┌────────
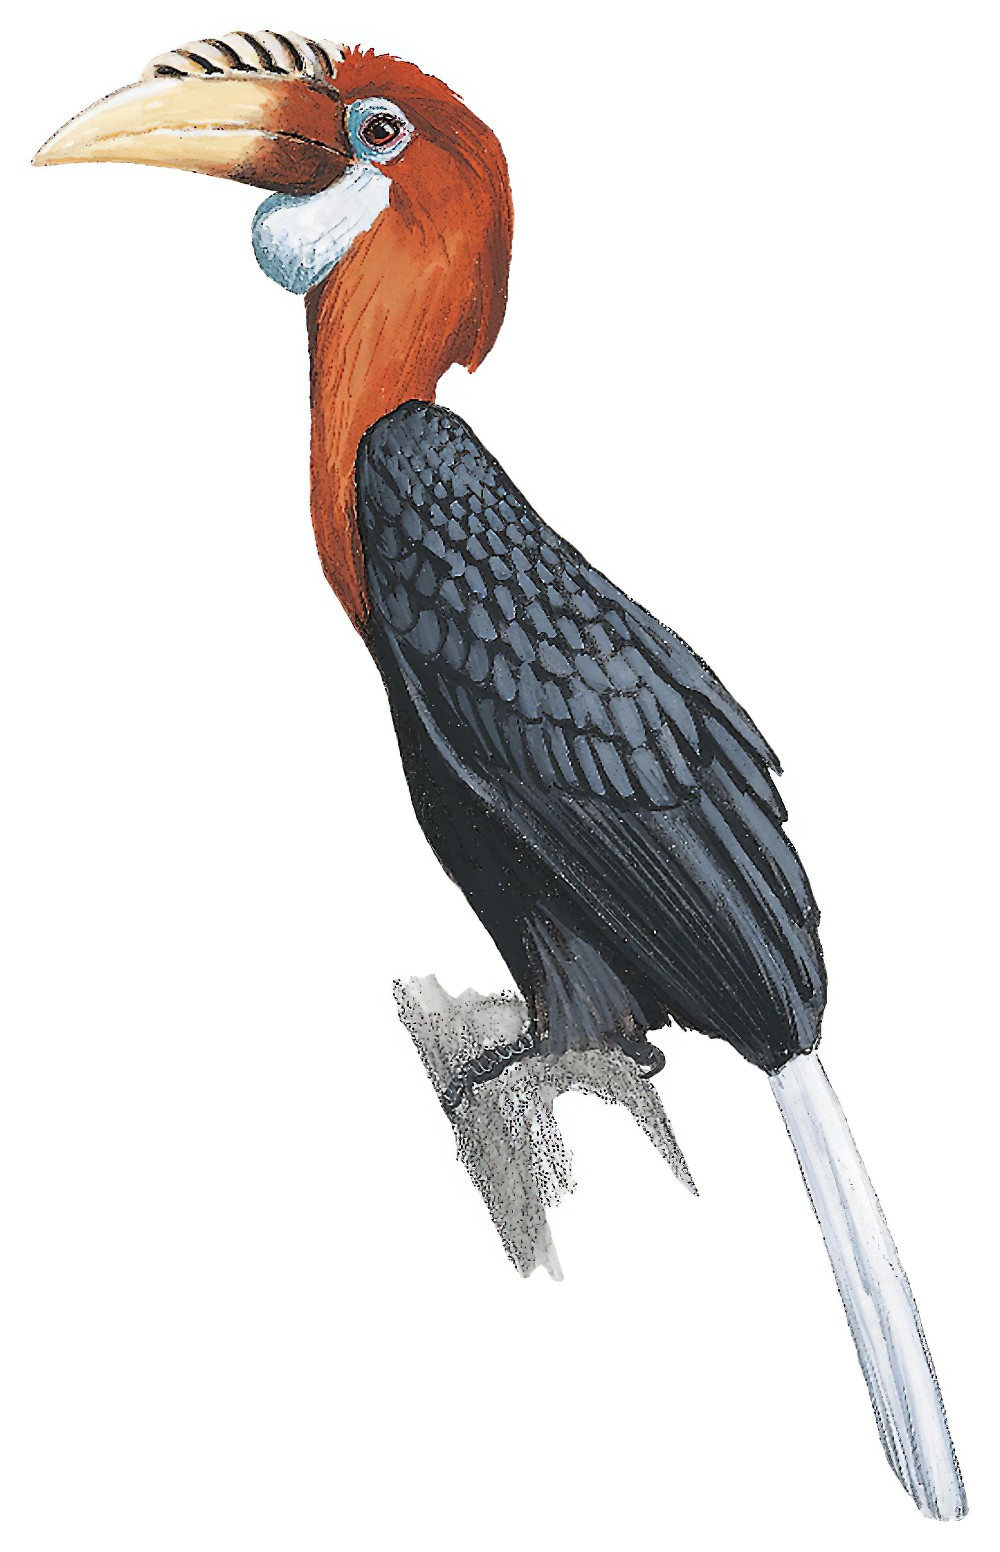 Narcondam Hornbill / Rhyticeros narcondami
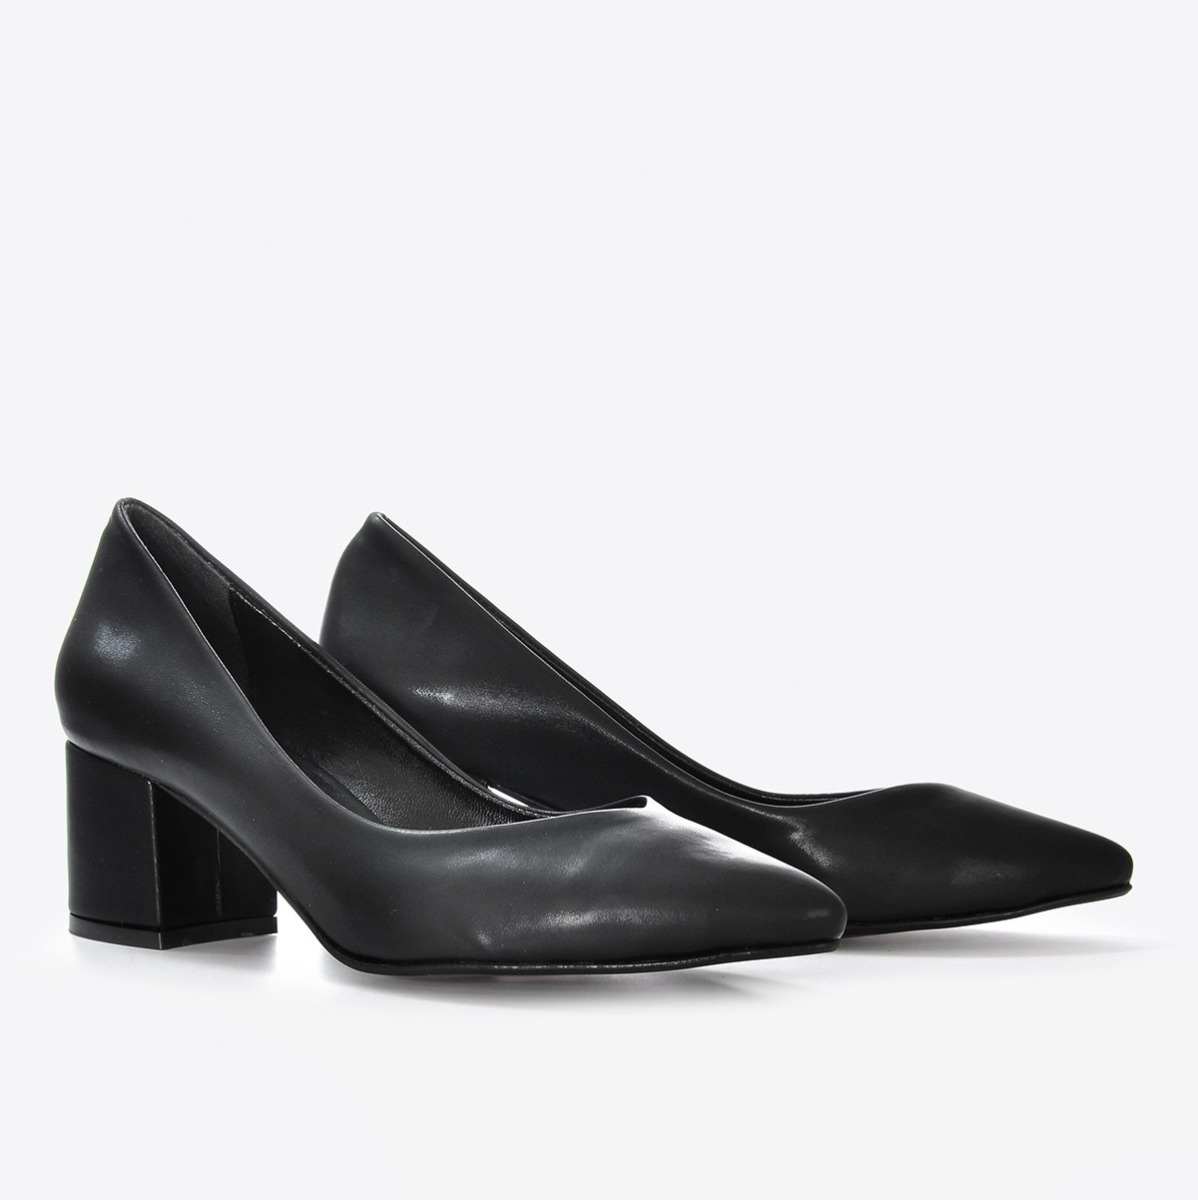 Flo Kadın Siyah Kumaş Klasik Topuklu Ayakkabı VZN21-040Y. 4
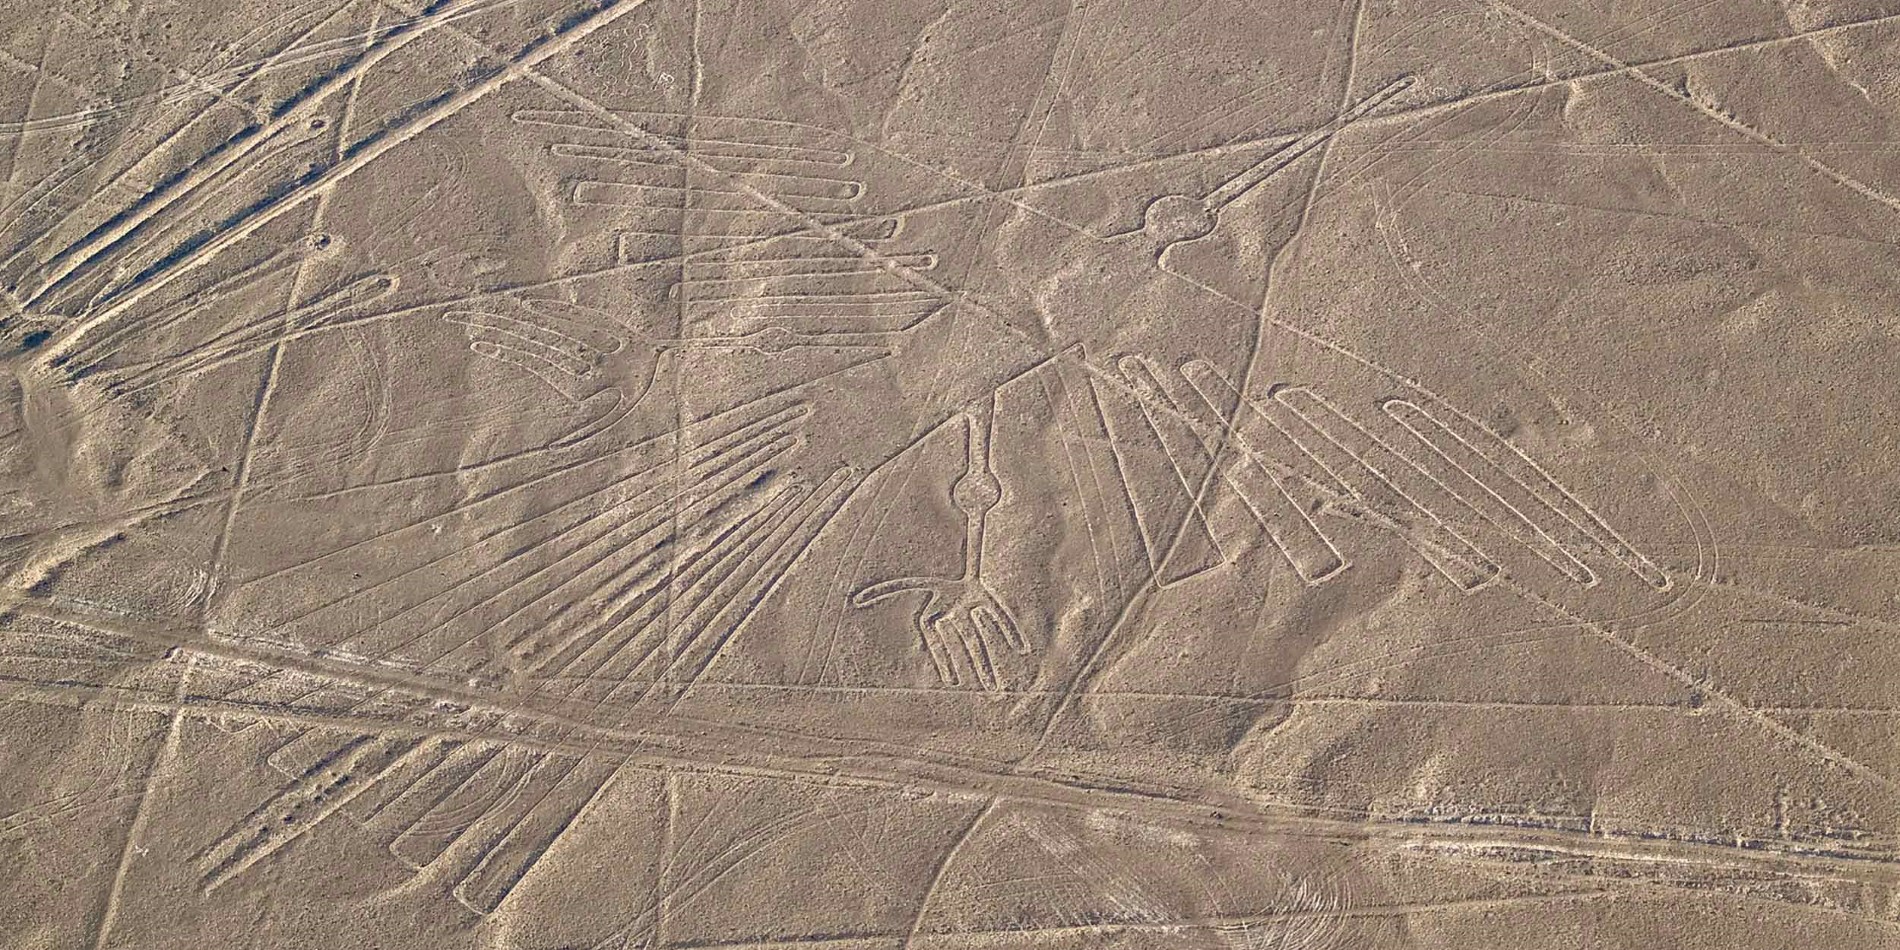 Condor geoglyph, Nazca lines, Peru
└────────
* [EXERCISE]:
In your copy of the material, match every word exactly and include no pictures.

* [ANSWER TO THIS EXERCISE]:
 Narcondam Hornbill / Rhyticeros narcondami
 Flo Kadın Siyah Kumaş Klasik Topuklu Ayakkabı VZN21-040Y. 4
 Condor geoglyph, Nazca lines, Peru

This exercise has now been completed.